«Non so cosa mi riserverà il futuro, è nella mani di Dio, e non so cosa succederà in giugno. Io devo lavorare duro per essere convocato per la Coppa America». Così Neymar in un'intervista con Sky Sport 24, che lo ha raggiunto in Brasile per chiedergli cosa ne pensa delle voci che lo danno in partenza, per quest'estate, verso la Serie A.
Neymar, che in Brasile è un autentico idolo, al punto da essere considerato "patrimonio nazionale" ha fatto capire che per ora gli va bene restare nel Santos, dove fra ingaggio e soldi degli sponsor guadagna già tantissimo (supera i 3 milioni di euro all'anno). «Fa piacere che il mio lavoro venga apprezzato - ha detto ancora Neymar -. Noi siamo i cosiddetti 'ragazzi della Villa' (il vivaio santista n.d.r.) e ci piace giocare assieme e anche dare spettacolo. Vorremmo continuare a farlo, ma non dipende solo da noi. Intanto ci impegniamo molto, e andiamo sempre meglio».
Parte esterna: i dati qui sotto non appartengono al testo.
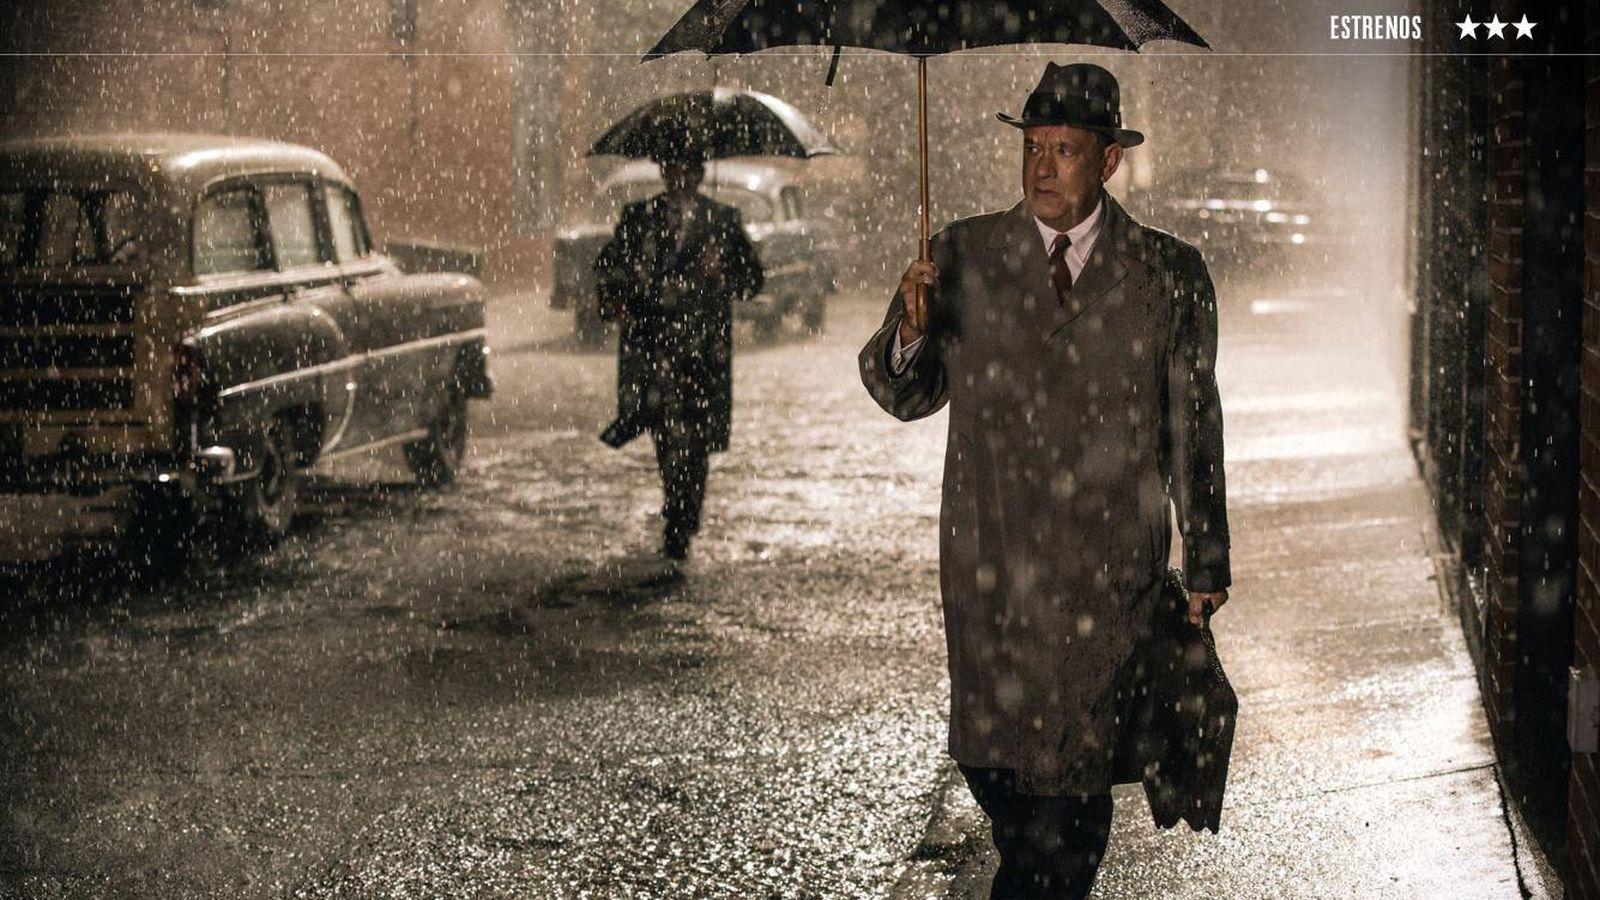 Foto: Fotograma del nuevo filme de Steven Spielberg

Il problema è che se anche lui rimarrà non altrettanto dovrebbe fare Paulo Henrique Ganso, intenzionato a sbarcare a Milano . Ma il Santos ha già pronto l'erede del talentuoso centrocampista: si tratta della stella delle giovanili Jean Chera, che a maggio compirà 16 anni e firmerà il suo primo contratto da professionista, avendo deciso di declinare le offerte del Barcellona e di alcuni club inglesi. È lui il prossimo 'erede annunciato', o presunto tale, di Pelè, visto che il Santos, se partirà Ganso, potrebbe affidargli la maglia numero 10.